В тот же день мы самолетом местной линии добрались до Петропавловска-на-Камчатке. После утрамбованных спальников, прокопченного потолка, соседства самодельного зоопарка и проблематичности питания гостиница «Авача» была для нас земным раем. Мы ввалились в светлый холл пиратской толпой. Флинт, как и положено, был впереди: он сидел на плече у Юры. Пока мы заполняли документы, сова неподвижно сидела на брошенной на полированный стол безрукавке нашего лаборанта. Изредка какой-нибудь спешащий человек ловил желтый взгляд Флинта, испуганно останавливался, встряхивался, как будто отгоняя от себя наваждение, и, углубившись в свои деловые мысли, шел дальше. Устроившись в номере, помывшись в ванне и разместив птиц, мы поехали в аэропорт за билетами.
Тем временем горничная, посетившая наши апартаменты, начала свое знакомство с орнитофауной Камчатки. В ванне резвилась стайка камнешарок, гоняя по эмалированной поверхности пробку. В комнате излишне любопытная сотрудница гостиницы неосмотрительно открыла створки тумбочек. Из первой на нее осуждающе посмотрел сонный Флинт, из второй на бедную женщину закричал, жалуясь на свою неволю, чеглок.
К моменту нашего возвращения вся гостиница знала, что мы в номере содержим уток, а также филинов и орлов, бросающихся на людей. Но гнев администрации нам был уже не страшен — мы взяли билеты на утренний московский рейс.
Батя
Бессильно опустив руку на упругий бок «Тани», я прикрыл глаза. Легкие волны плескались совсем рядом. Лодка, увлекаемая течением, плавно покачивалась на воде. Болели мышцы всего тела. Коротенькие весла без уключин, похожие на ракетки для игры в пинг-понг, быстро утомляли гребца. Суденышко польского производства по паспорту значилась, как «лодка надувная одноместная «Таня». Мои дальневосточные приятели звали ее короче: «Таня-одноместная». Для небольших водоемов (прудов, стариц, проток) это была незаменимая посудина — легкая и очень маневренная. Она служила не только на воде, но и на суше. Перевернув ее, можно было с комфортом отдыхать на мягком резиновом днище.

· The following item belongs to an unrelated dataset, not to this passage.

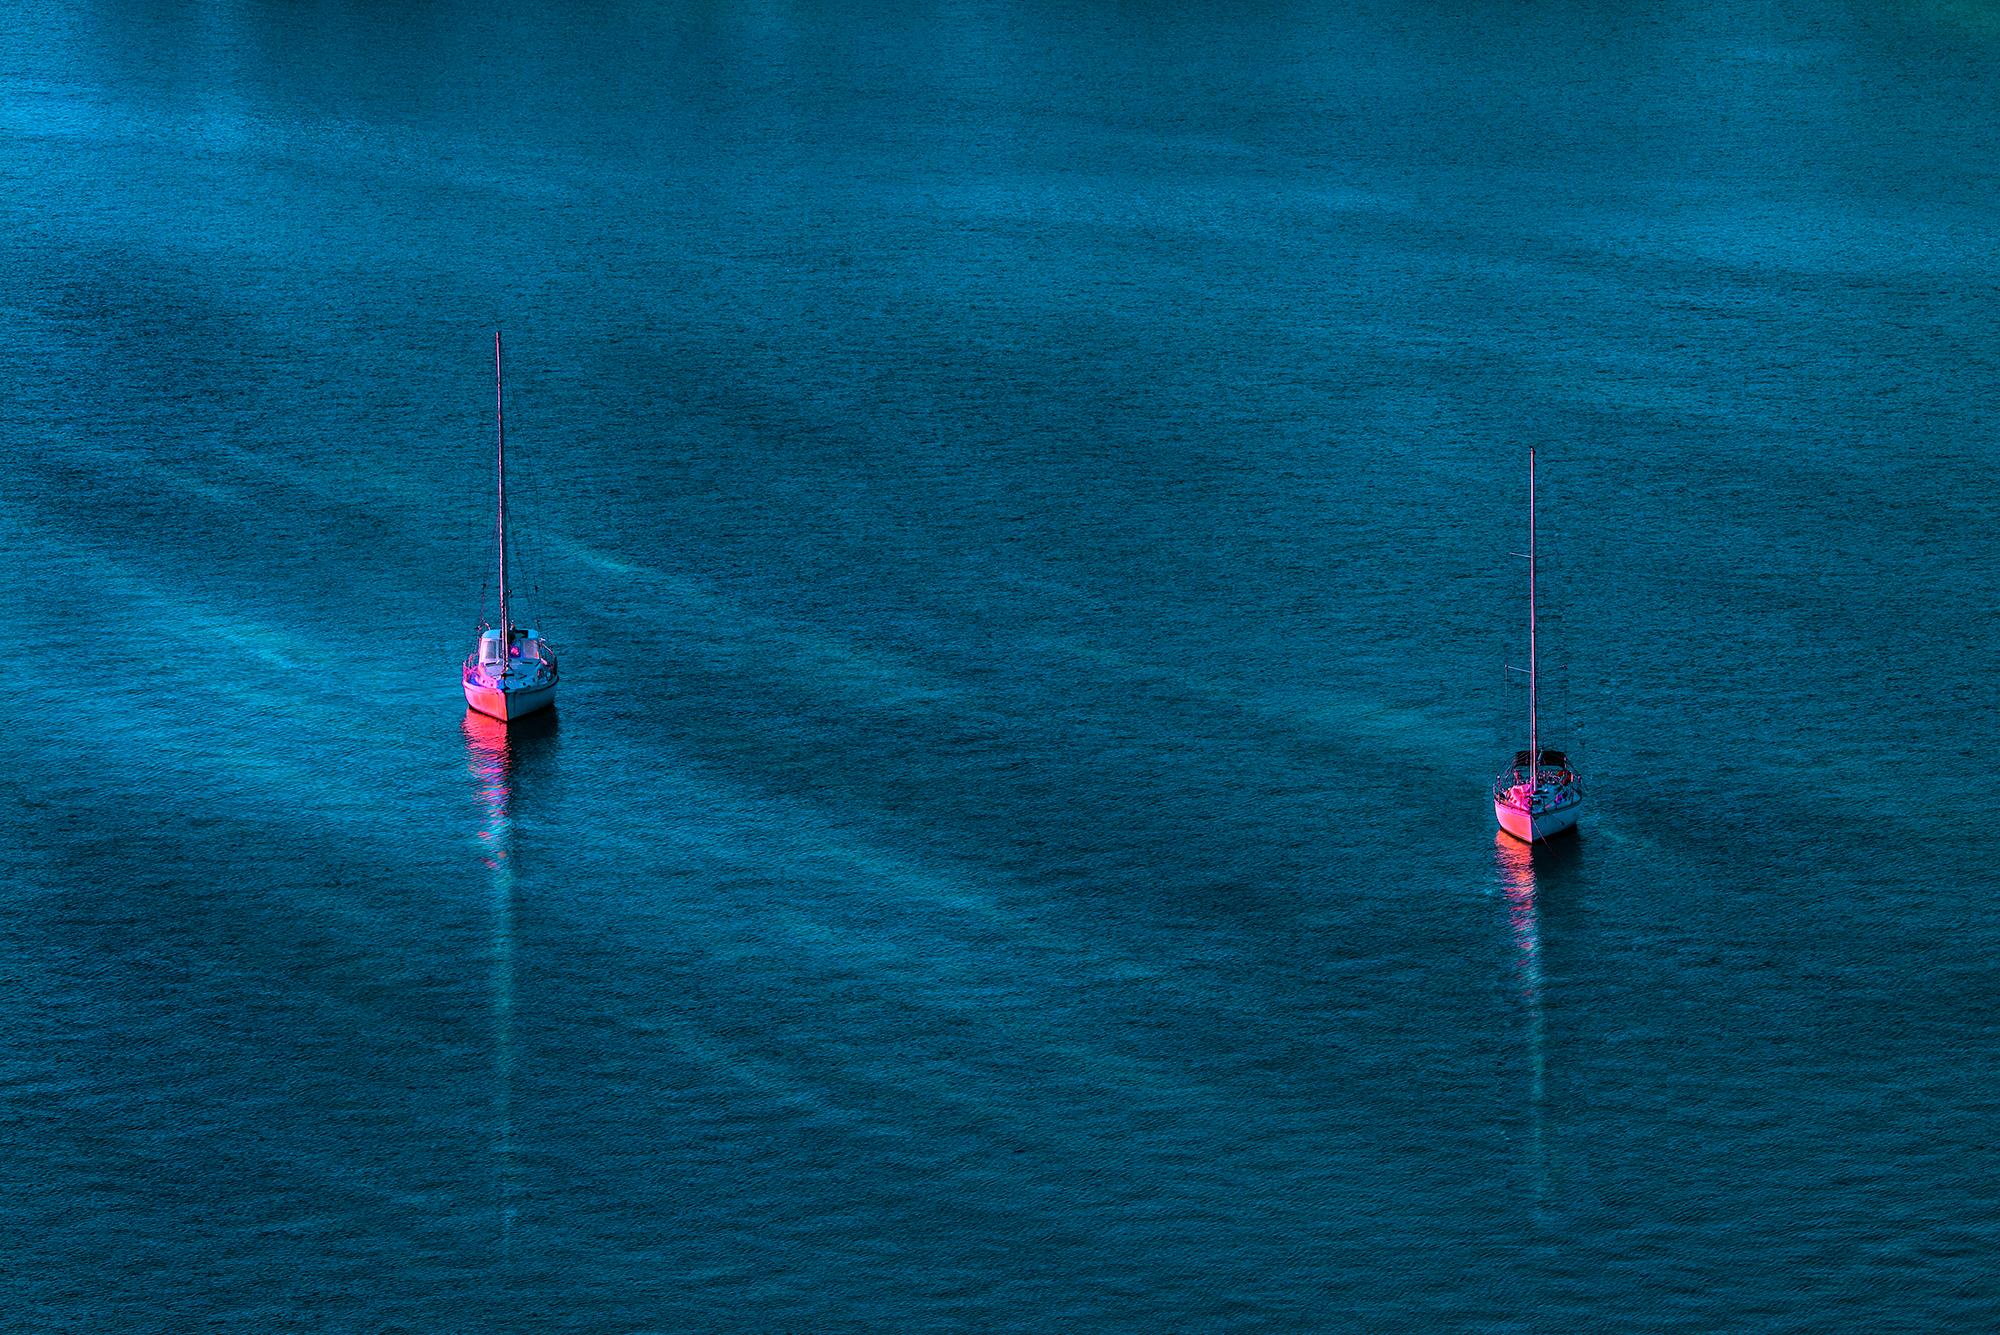 Rosa Segelboote auf einem blau-grünen Meer

Ранним утром я прошел с десяток километров вверх по течению реки, неся «Таню» в рюкзаке, потом надул ее и стал сплавляться, по пути считая выводки уток. До метеостанции, где я квартировал у своих друзей, оставалось не более километра. Но поднялся встречный ветер, и сильно парусившая лодка почти не продвигалась вперед. Я легонько шевелил в воде коротышками-веслами, экономя силы для последнего рывка. Вся живность в тридцатиградусный полуденный зной попряталась. Тайга, утром звеневшая птичьим многоголосьем, сейчас молчала. Слышался лишь свист ветра в серебряных стволах лиственничного сухостоя. Только из прибрежных ивняков все так же бодро выкрикивала свои звучные трели бурая пеночка. В еще по-весеннему холодной реке виднелись зигзаги плывущих гадюк. Змеи, приподняв головы над водой, перебирались на лето с сопок на болота.